You could just add slack variables to the constraints then minimize the sum of the values squared.

anonymous_21321
A: 

Add a set of "artificial variables", one per equation, with unit weight in that equation and zero weight everywhere else. Then, you can choose that set as your first basis, and add "eliminate the artificial variables" as an initial goal. If you can eliminate all the artificial variables, you can discard them, and you will have a feasible basis for your initial problem; if you cannot eliminate the artificial variables, there is no feasible solution.

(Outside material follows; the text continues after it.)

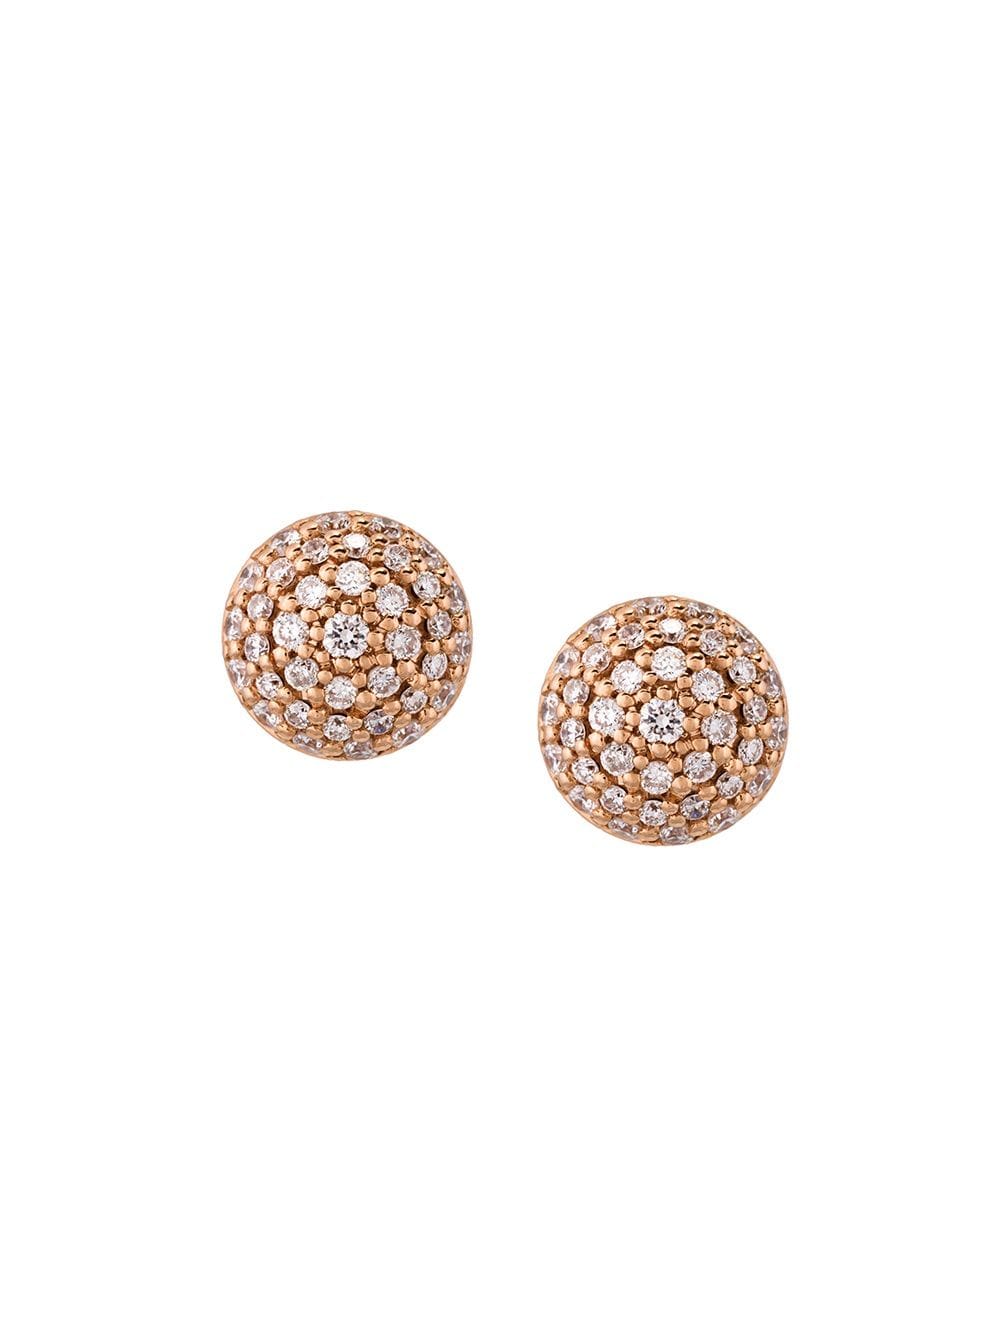 ALINKA 18kt rose gold Black Caviar diamond stud earrings - Metallic von ALINKA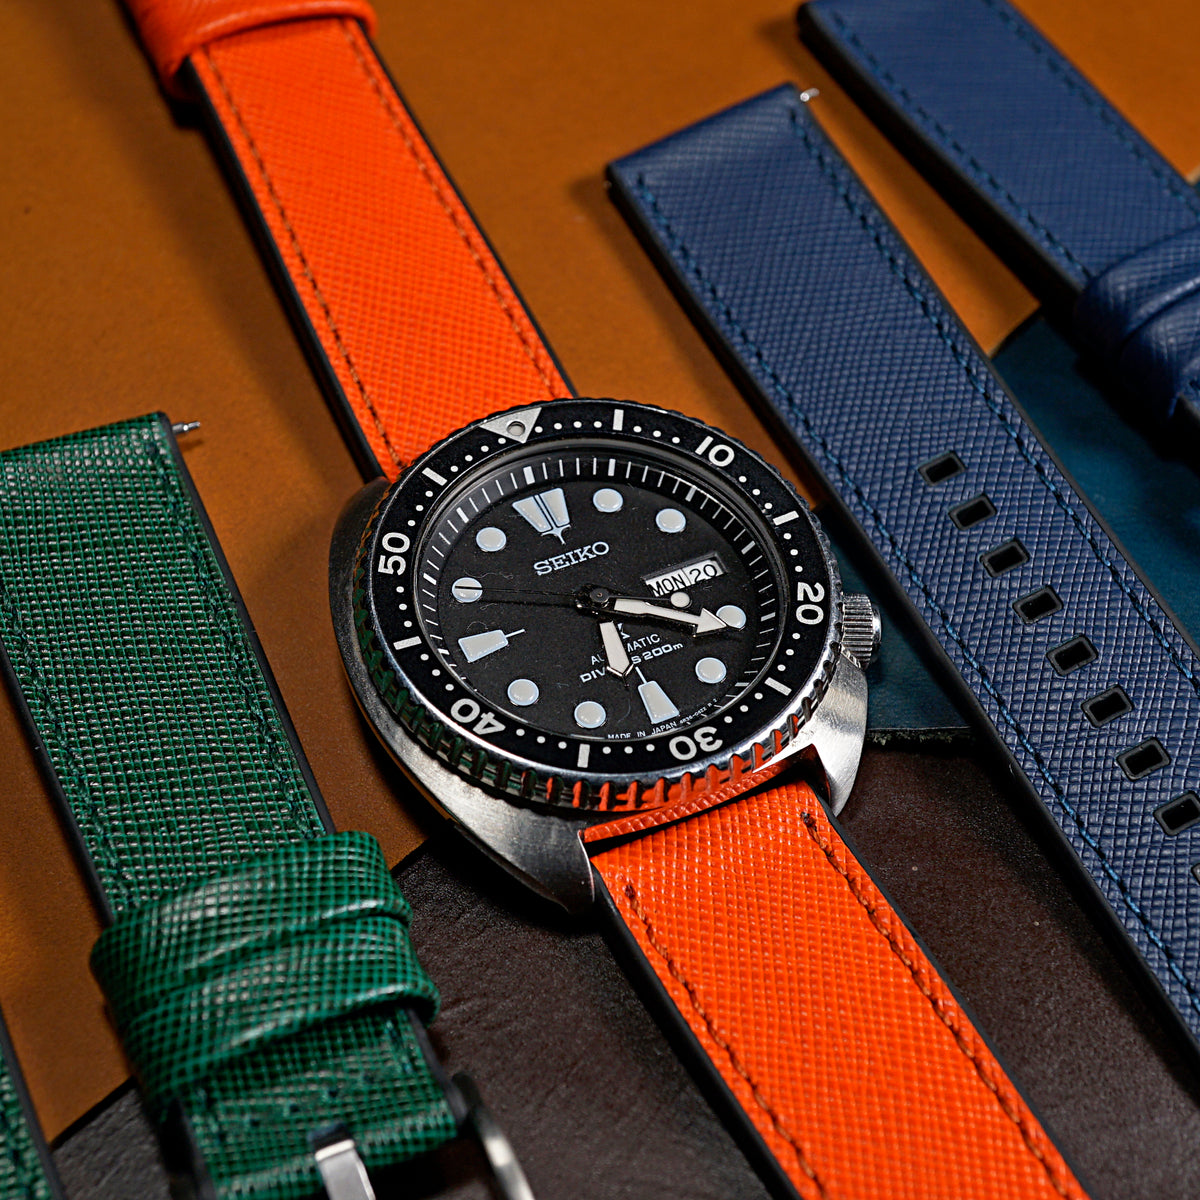 Performax Saffiano Leather FKM Rubber Hybrid Strap in Orange (20mm) - Nomad Watch Works SG

original problem (in canonical form -- any LP problem can be converted to this!):

minimize c.x, given: [A]x = b, x_i>=0
  (but first, need feasible solution)

to find a feasible solution (assuming all b_j>=0; if not, just multiply the row by -1):

minimize sum(y), given:  y + [A]x = b, x_i>=0, y_j>=0
  with initial, feasible solution: x_i=0, y_j=b_j

There are variations and optimizations on this kind of scheme; for instance, you don't necessarily need to convert everything to canonical form to do this kind of thing (though it is useful for simplicity of explanation). You should be able to find more details in any linear programming text.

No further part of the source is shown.